# YOUR OBJECTIVE
A word-for-word copy of the following listing is needed. Leave out its images.

# DATA SEGMENT

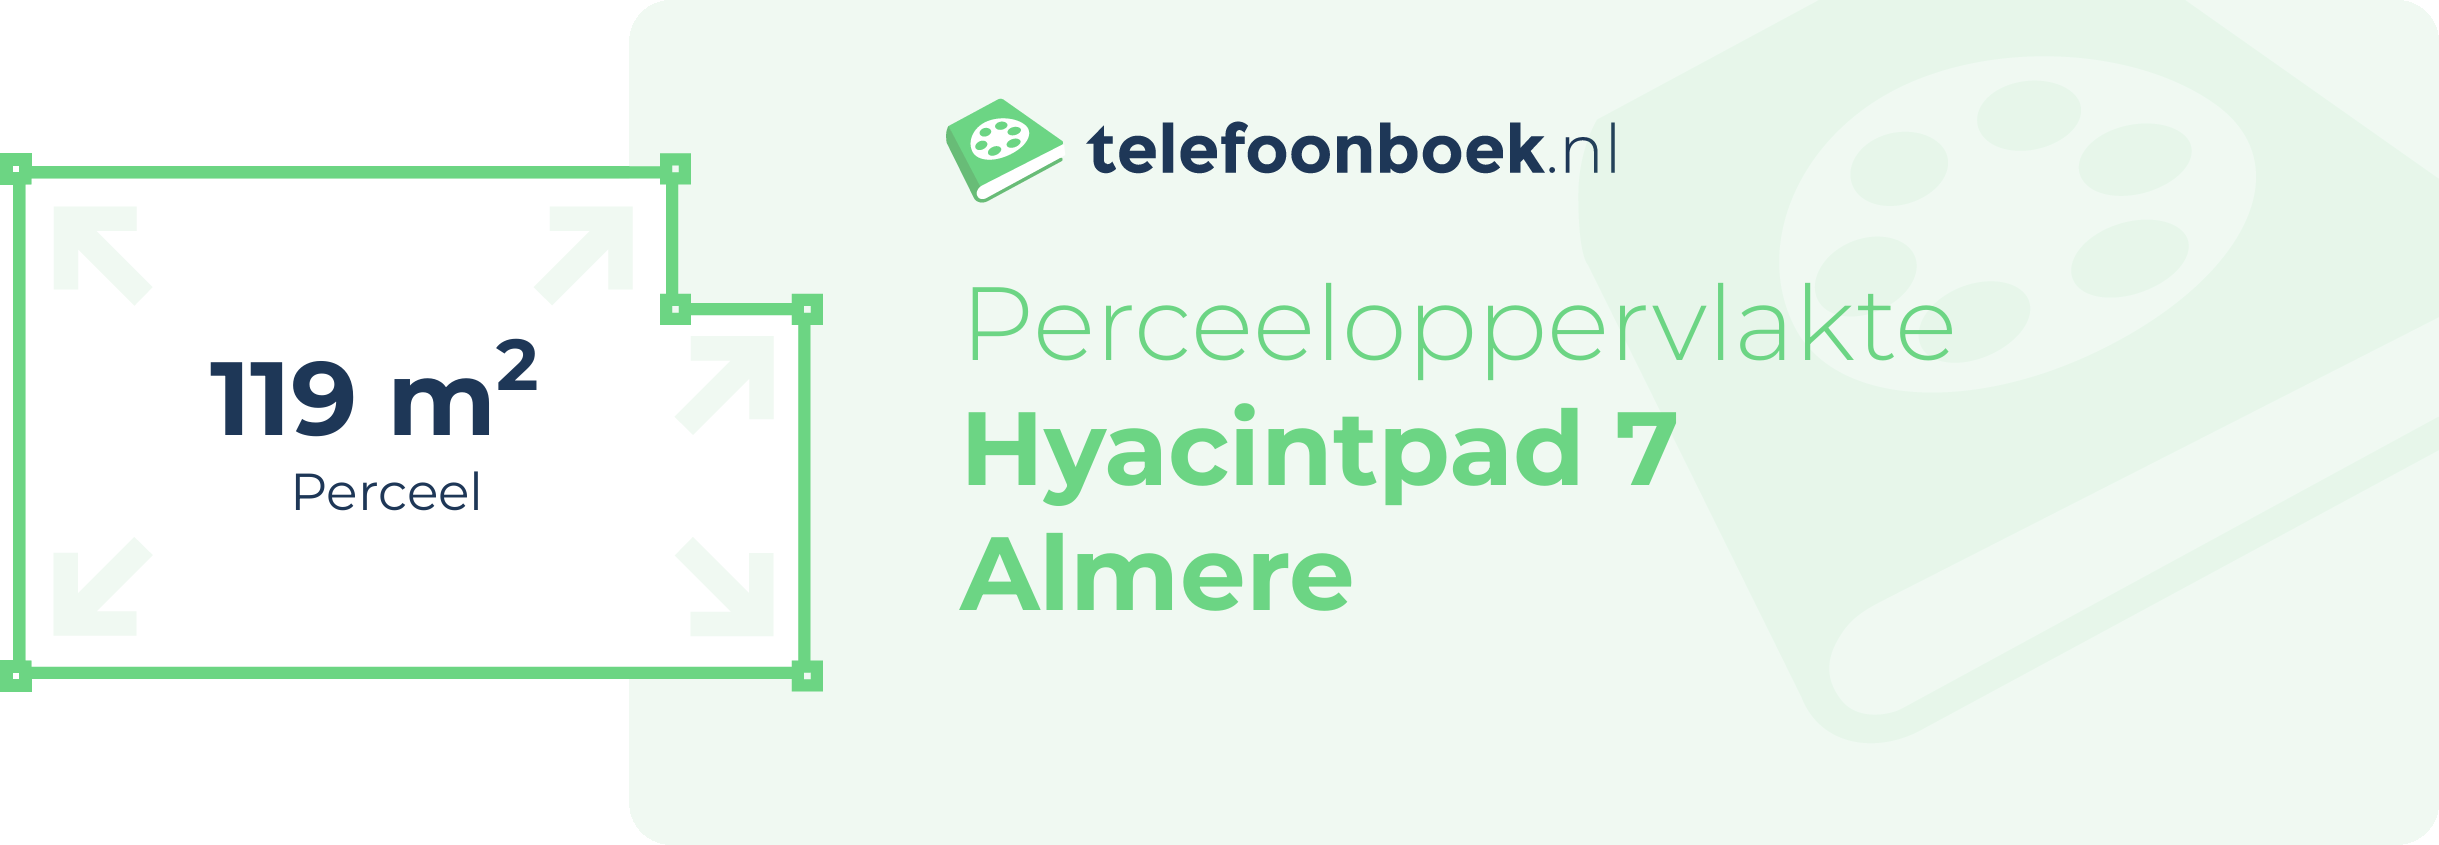 Perceeloppervlakte Hyacintpad 7 Almere
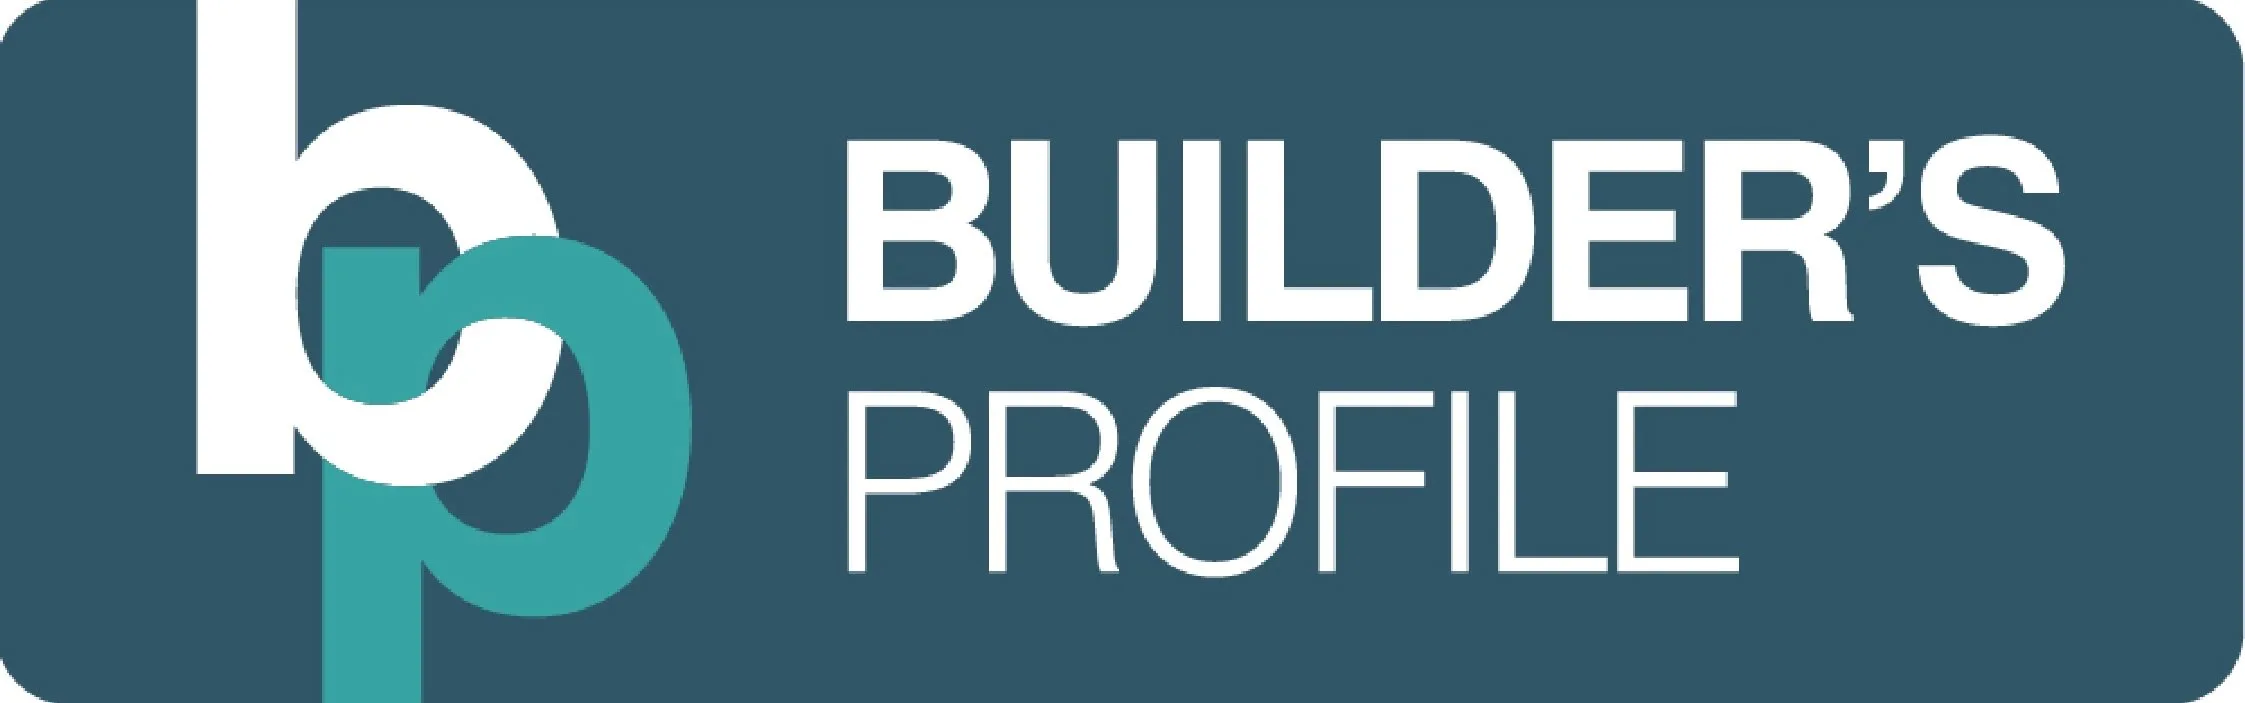 MGD Builders Profile Accreditation
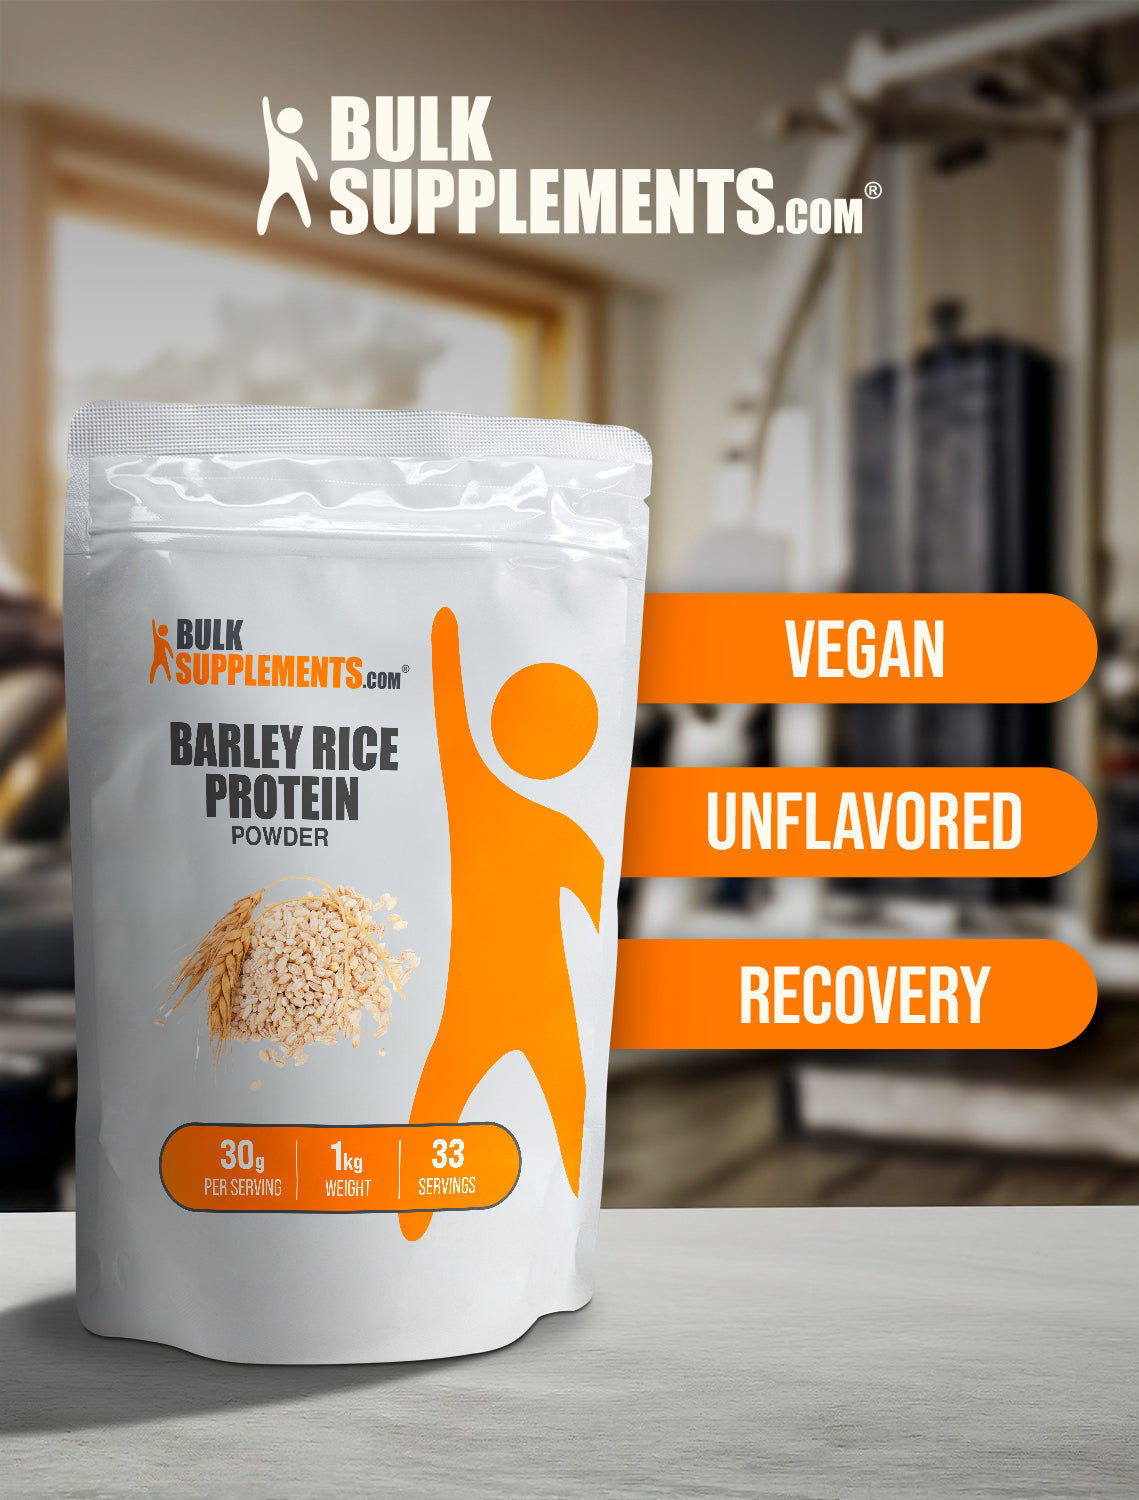 Barley rice protein powder 1kg keywords image
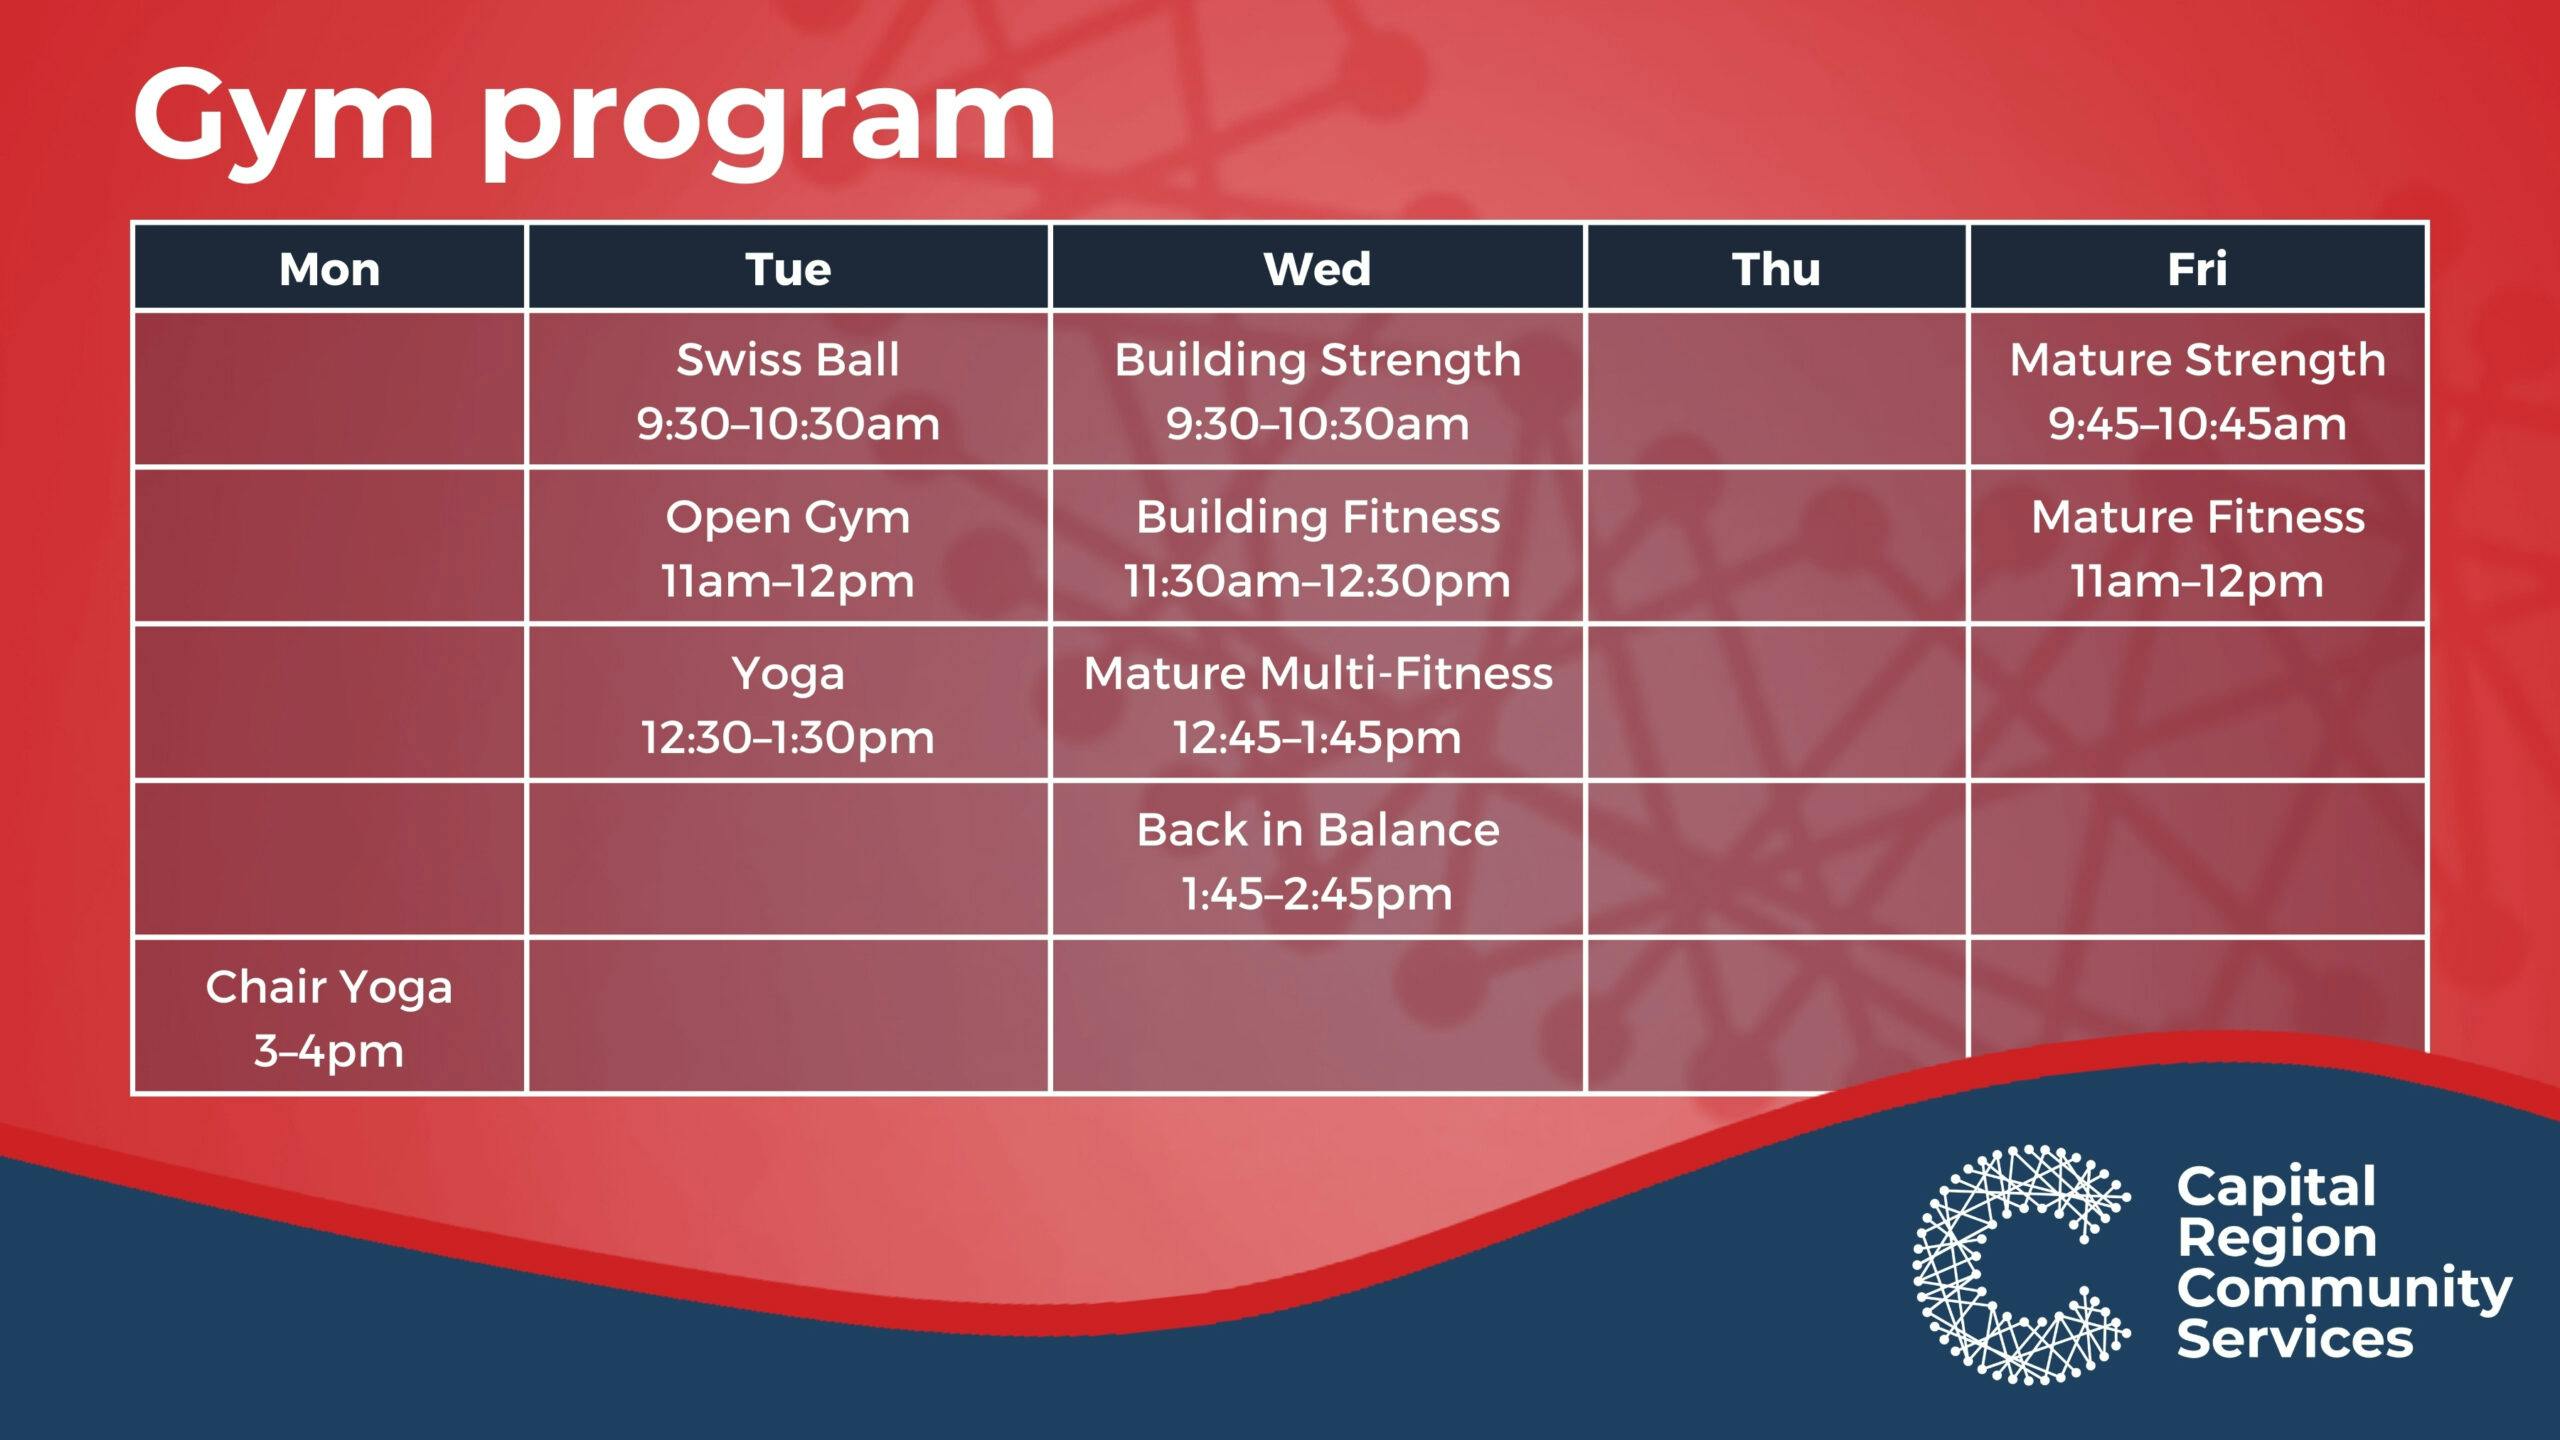 CRCS gym program.

# SOLUTION FOR THIS PROBLEM
 Perceeloppervlakte Hyacintpad 7 Almere
 MGD Builders Profile Accreditation
 Barley rice protein powder 1kg keywords image
 CRCS gym program.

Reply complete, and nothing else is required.